Jon's not ever done this for the money. He would have happily teched around with his friends for the rest of his life, occasionally putting up prints of his better photographs on Tom's website, without ever thinking twice about having more than rent and beer money. He's still not used to the revenue his album--his first album as a member of Panic instead of the guy who filled in for Panic--going into his bank account every month like clockwork, sometimes lager and sometimes smaller, but always far, far more than he could have ever made pressing buttons on Verismo machines and taking inventory on cookies and muffins. That was never even going to be his job for more than a summer; when he went to Columbia he thought he could maybe open a studio someday, a small place up north that took pictures of confirmations and weddings and color-coordinated families that would fund his less lucrative photography habits. Even that wouldn't have come close to the kind of money he makes as a member of a successful, touring band.
He remembers what it was like when Panic just started to get big--not the part where people started to know Ryan's lyrics by heart or the guys' faces on-sight, but the slowly dawning realization that the concerts had sold out
and whatever financial problems they had, or their parents had anticipated them having, weren't an issue (at least, in the short-term).
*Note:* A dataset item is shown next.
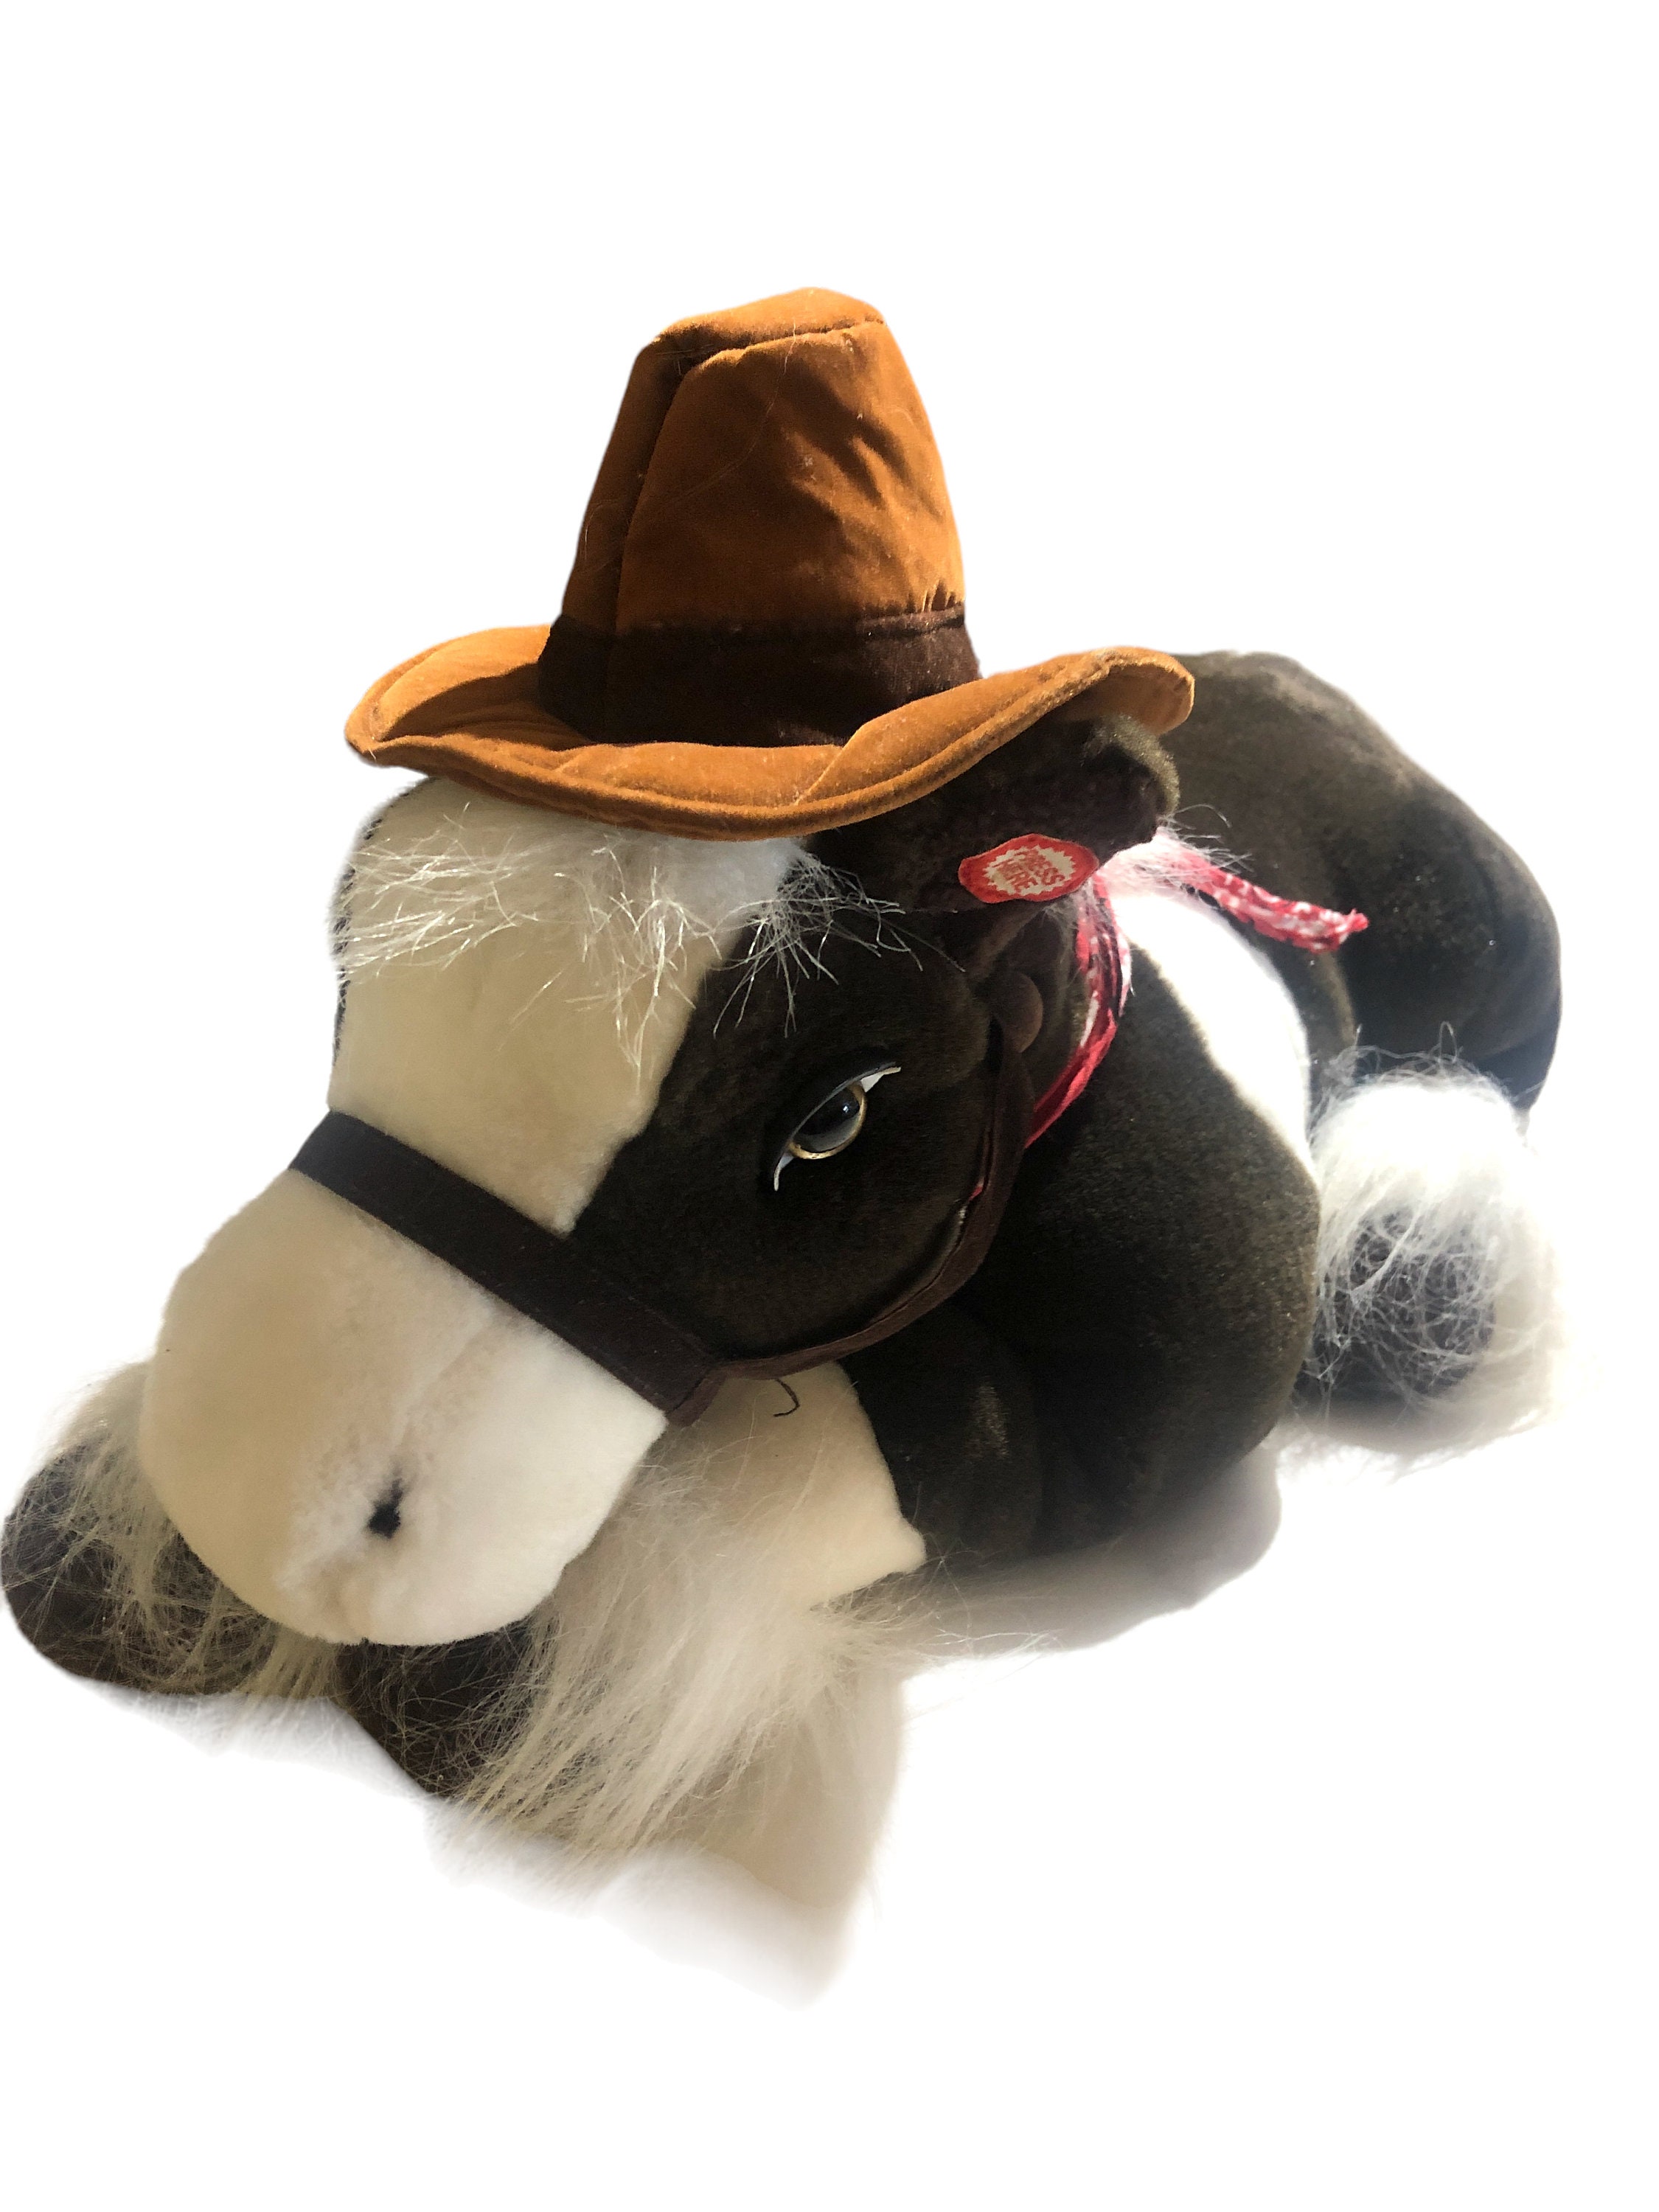 Plushie Singing Horse Pony Stuffed Animal pic

He was only seeing the touring revenue off that, not even the album sales or a big percentage of the merch, and it was still enough for him to pay off the few thousand dollars in student loans. And to purchase the Leica M6 Classic he'd been coveting since he was 10.
It's strange, the things a person can get used to. He's not rich, and probably never will be, but if someone had told him when he was seventeen that he'd be in a band again, touring all over the world and making enough money to retire on--if someone had told him that, he doesn't think seventeen-year-old-Jon would have believed them. He's grateful for everything that's happened to him, and pretty aware of how lucky he is, even when stuff gets hard. But this is so much more than he ever thought he'd have that sometimes he wishes he was still a tech, fiddling around on other people's guitars for two hours with the rest of the time to himself, on his own guitar.
Only some of the time. Most of the time he wouldn't want to be anywhere else, no matter how much you paid him.